Combating appraisal bias has been a priority of the Biden administration, which convened an interagency task force last year to address how appraisals contribute to disparities in housing.

On Wednesday, the Consumer Financial Protection Bureau took a step toward addressing the problem with a proposal that would require all banks and mortgage lenders to ensure automated appraisals are complying with nondiscrimination laws.

The CFPB’s 42-page plan kicked off an interagency rulemaking process that will lead to quality control standards for automated valuation models, or AVMs, which value a home using massive amounts of data from various sources.

Rohit Chopra, director of the Consumer Financial Protection Bureau, said that the bureau’s proposal for regulating automated appraisal systems “is one of many steps we are taking to ensure that … appraisals are fairer and more accurate.”

Bloomberg News

More than 40,000 small businesses — from small banks and credit unions to real estate companies, loan brokers and mortgage servicers — would have to comply with the upcoming rule, and could be impacted by the higher costs and regulatory scrutiny as a result.

CFPB Director Rohit Chopra, who is not a fan of using artificial intelligence and machine learning in underwriting, said that both in-person appraisals and AVMs can reflect bias.

“It is tempting to think that machines crunching numbers can take bias out of the equation, but they can’t,” Chopra said in a press release. “This initiative is one of many steps we are taking to ensure that in-person and algorithmic appraisals are fairer and more accurate.”

The AVM rule is one of the few outstanding rulemakings required by the Dodd-Frank Act.
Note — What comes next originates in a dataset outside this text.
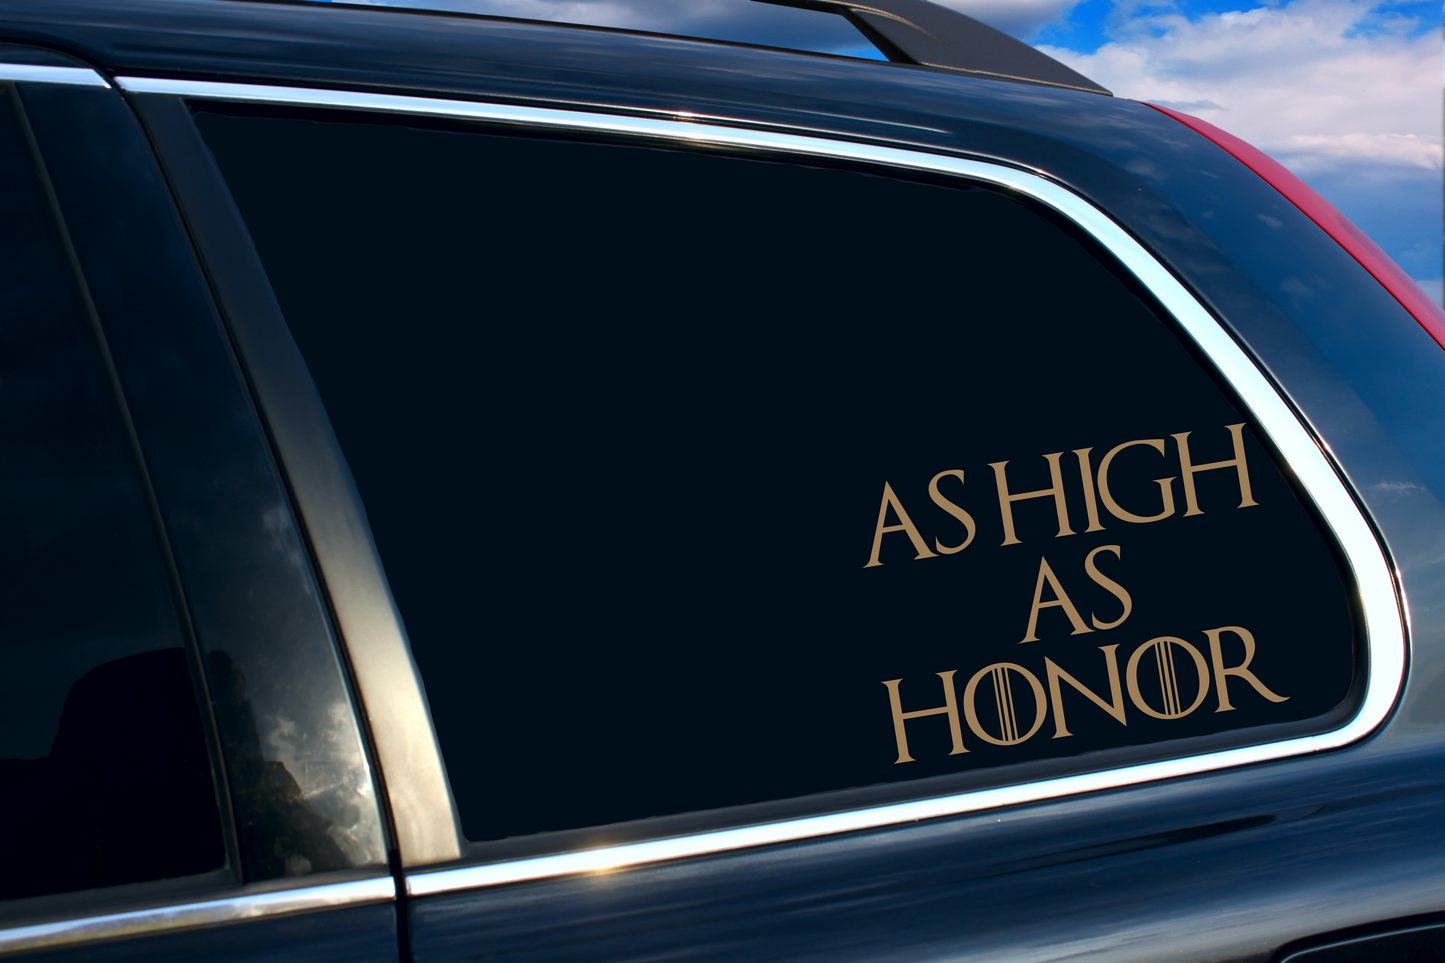 Vinyl Decal | GoT Inspired Falcon/As High As Honor| Cars, Laptops, Etc

Dodd-Frank specified four factors for regulators to use as guideposts in crafting quality control standards for automated appraisals. AVMs must be designed to ensure a high level of confidence in the estimates, protect against the manipulation of data, avoid conflicts of interest, and require random sample testing and reviews.

In its proposal Wednesday, the CFPB said it is considering adding a fifth factor — namely, that AVMs be free of bias.
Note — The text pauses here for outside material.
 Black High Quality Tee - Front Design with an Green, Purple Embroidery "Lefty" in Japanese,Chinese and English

The CFPB specifically sought to include a requirement that “covered institutions establish policies, practices, procedures, and control systems to ensure that their AVMs comply with applicable nondiscrimination laws (we refer to this as a ‘fifth factor’).”

Some experts are concerned that regulators have limited resources to evaluate algorithmic computer models.
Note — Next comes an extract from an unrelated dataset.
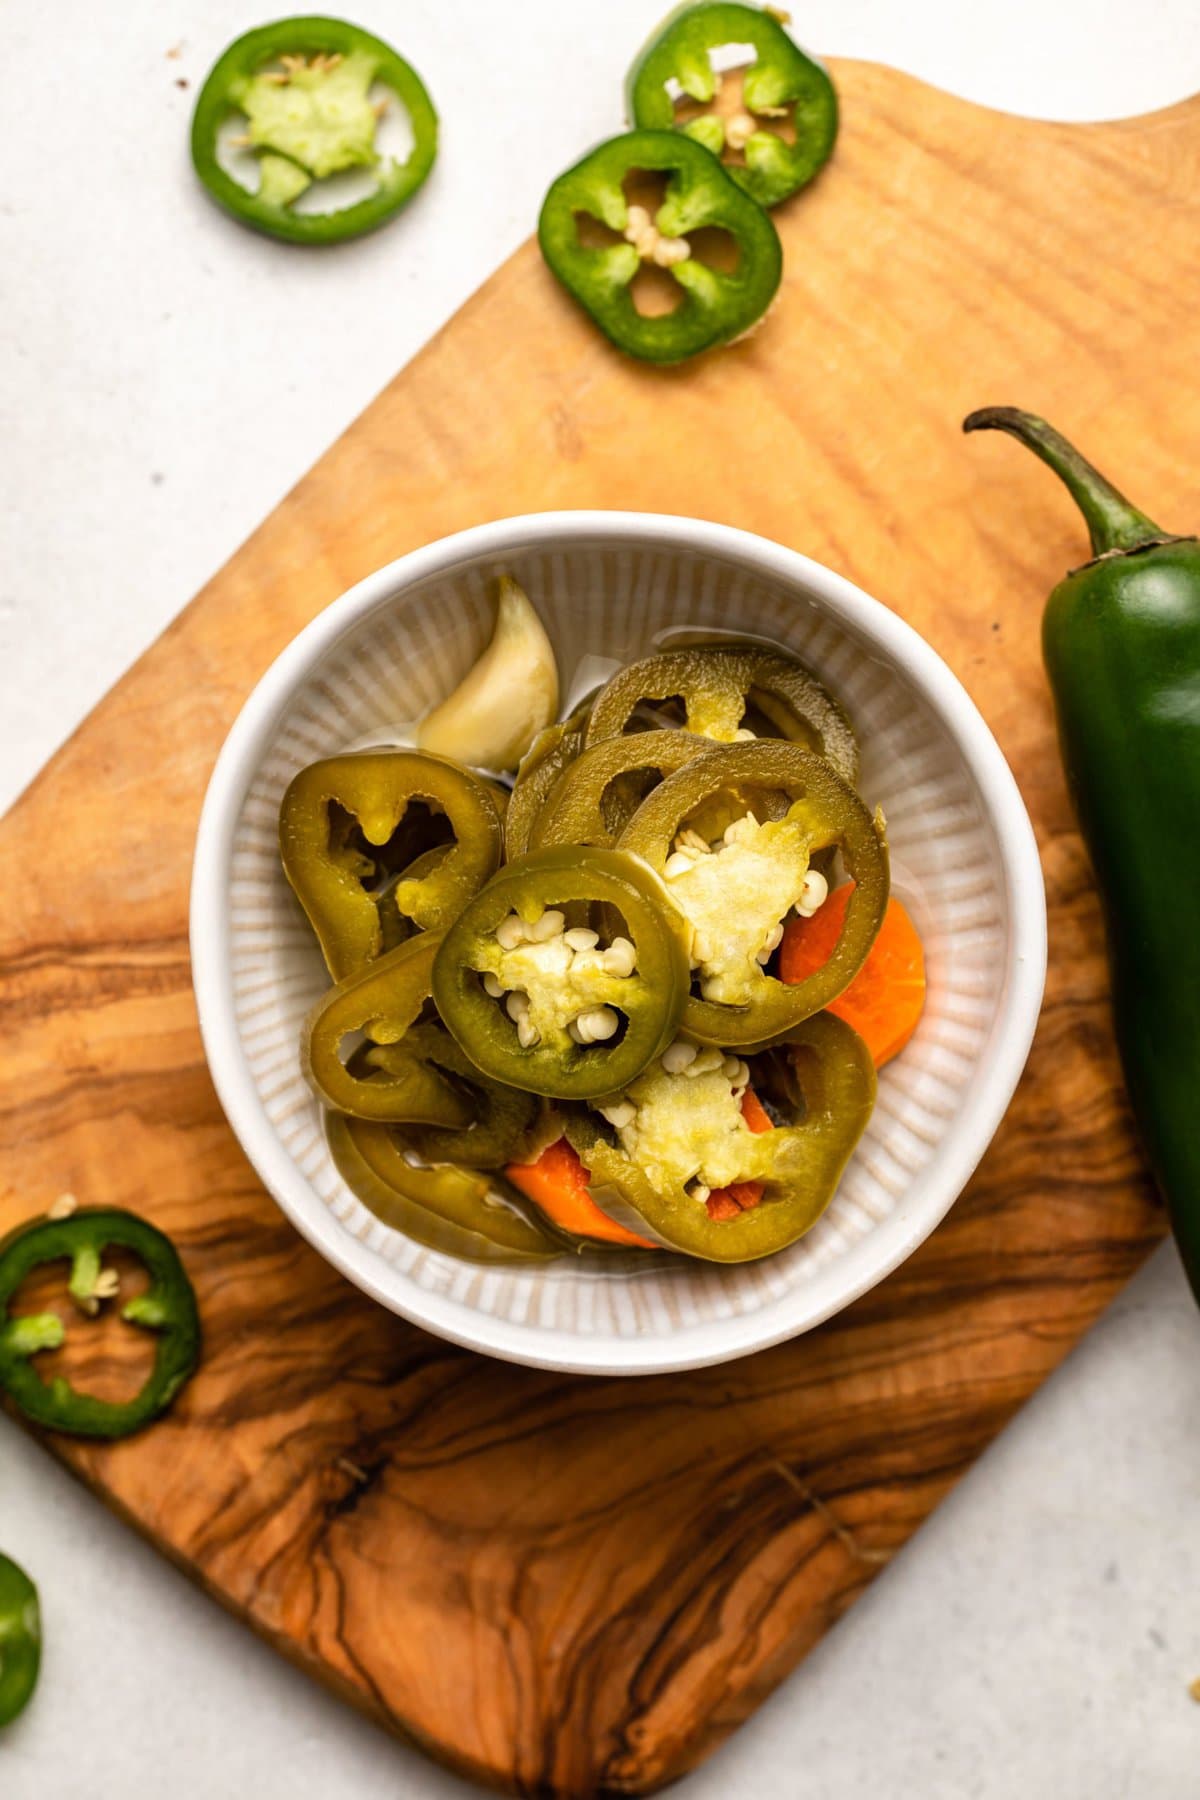 Pickled jalapeños with carrots and garlic in a small white bowl, on a wood cutting board

“More concerning is the CFPB does not have the technical resources to properly evaluate these models,” said Cliff Rossi, a finance professor at the University of Maryland’s Robert H. Smith School of Business and a former chief risk officer at Citigroup.

In the current sky-high housing market, lenders are turning to AVMs due to lower costs, shorter turnaround times and wider acceptance by Fannie Mae and Freddie Mac.

“Appraisals are dated, they are behind the times and the agencies are moving to a valuation market driven by data in their system, where they have repeat transactions, and they do not need an appraisal,” said Bill Dallas, president of Finance of America Mortgage, a Las Vegas-based mortgage broker and a industry veteran.

Since 2016, Fannie has provided relief from liability, also known as “Day 1 Certainty,” to lenders using its Collateral Underwriter automated appraisal tool, which has hastened the adoption of AVMs.

An AVM typically costs from $25 to $100, compared generally with $500 to $1,000 for an in-person appraisal. AVMs also are available immediately compared to an average two-week wait time for an appraisal, experts said

Appraisers are coming under scrutiny as well due to skyrocketing housing prices, up 20% last year and 10% in 2020, by some estimates, and ever-increasing bids for homes that some experts think is unsustainable.

“Everybody is overpaying for a home in America right now,” said Dallas. “There is no data to support the prices that homes are selling for.”

Home prices also skyrocketed in the run-up to the 2008 financial crisis when some appraisers were blamed for rubber-stamping the valuations sought by lenders, leading to more appraisal oversight.

Moving forward, the CFPB will convene a panel required by the Small Business Regulatory Enforcement Fairness Act and will publish a report on what the panel thinks of the proposal. The CFPB is required by Dodd-Frank to release an outline of any rule that potentially has a big impact on small businesses.

As to risks, the CFPB said it also is considering proposing specific requirements that “AVMs may be used incorrectly or inappropriately,” or “may suffer from fundamental errors and may produce inaccurate outputs.”

The CFPB, the Federal Trade Commission and state attorneys general have enforcement authority over nonbanks in the appraisal market. Prudential regulators will enforce the eventual rule for insurance banks, credit unions and financial institutions.

In the wake of the last financial crisis, Dodd-Frank directed the CFPB and five other agencies — the Federal Deposit Insurance Corp., Federal Reserve Board, Office of the Comptroller of the Currency, National Credit Union Administration and the Federal Housing Finance Agency — to create quality control standards for AVMs.

Experts say AVMs work well for homogeneous properties such as tract developments but may not be suited for rural areas, new construction, condos or unusual properties or tear-downs where the prior data is not reliable.

AVMs include “any computerized model used by mortgage originators and secondary market issuers to determine the collateral worth of a mortgage secured by a consumer’s principal dwelling.”